Economists predict that the Bank of England may start cutting interest rates to 5% in June, while an unexpected job surge in Australia leads to a reassessment of a potential rate cut by the Reserve Bank of Australia.
Economists are predicting that the Bank of England may begin to cut interest rates as early as June, with expectations for a reduction to around 5% at the forthcoming meeting. Despite maintaining rates at 5.25% recently, analysts anticipate a shift, potentially to 4.25% by the end of the year, influenced by upcoming data such as April’s inflation figures and the impact of the minimum wage increase.

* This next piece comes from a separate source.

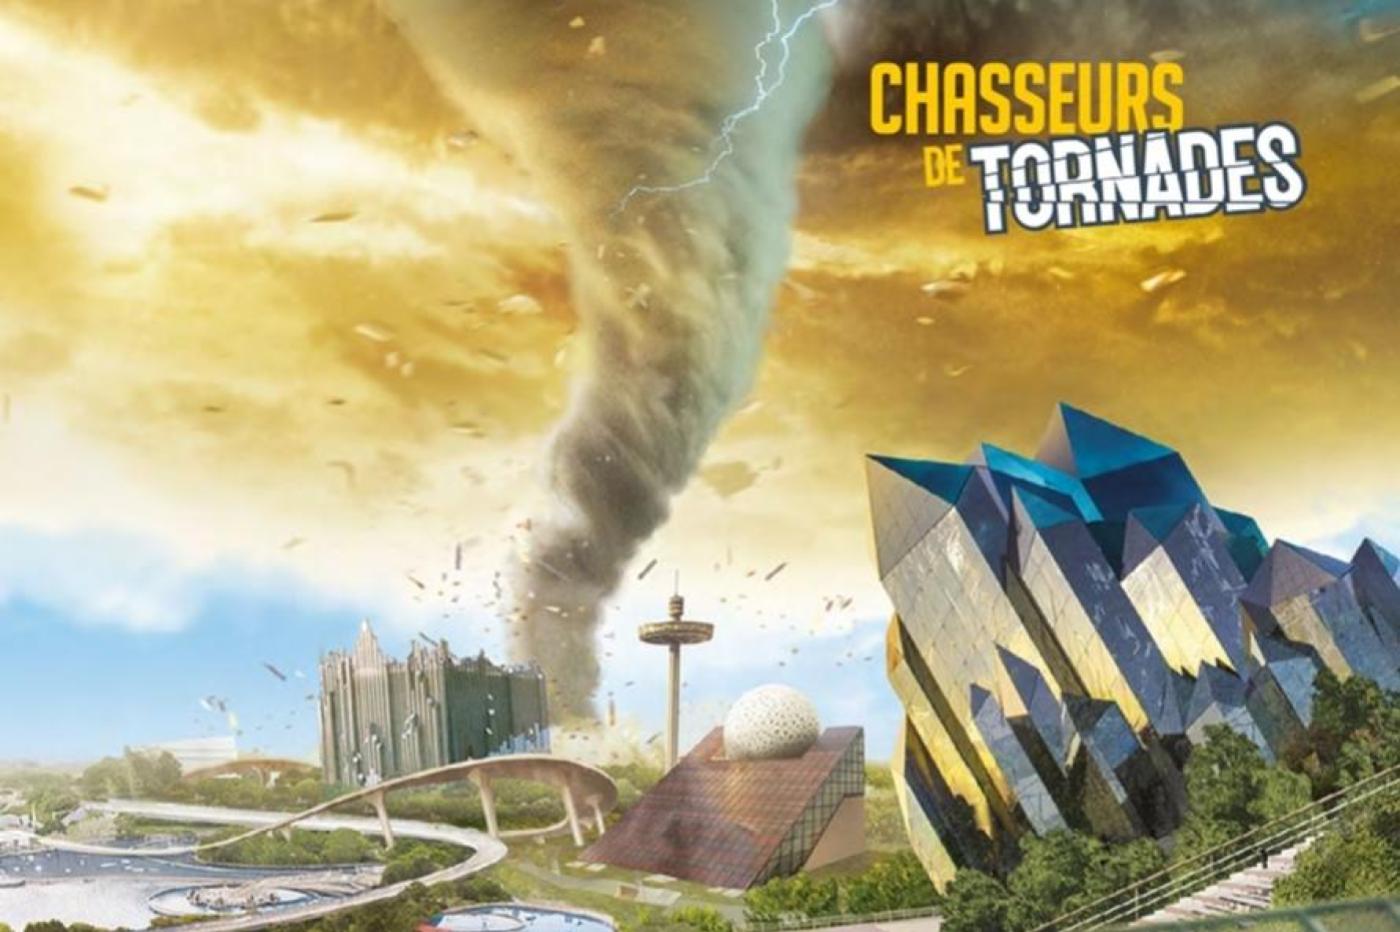 Image promotionnelle de l'attraction Chasseurs de Tornades montrant une tornade arrivant sur le parc

In contrast, in Australia, an unexpected drop in unemployment from 4.1% to 3.7% in February has led to a reassessment of the likelihood of an interest rate cut by the Reserve Bank of Australia (RBA). The creation of 117,000 jobs in February, marking the largest monthly increase in a decade, has decreased the probability of an August rate cut from 80% to 60%. This job market resilience has prompted some analysts to caution against over-optimism, highlighting the volatile nature of labour force surveys.
The Bank of England’s potential move towards rate cuts stems from various economic indicators and the impact of energy price cap adjustments, with economists like ING’s James Smith and Rob Wood from Pantheon Macroeconomics forecasting a gradual reduction in rates. Meanwhile, the RBA’s decision-making process remains focused on balancing economic growth with price stability, amidst fluctuations in the Australian job market and upcoming inflation data.
Overall, both the UK and Australia are at pivotal moments regarding interest rate decisions, with economic data playing a crucial role in shaping the monetary policies of their respective central banks.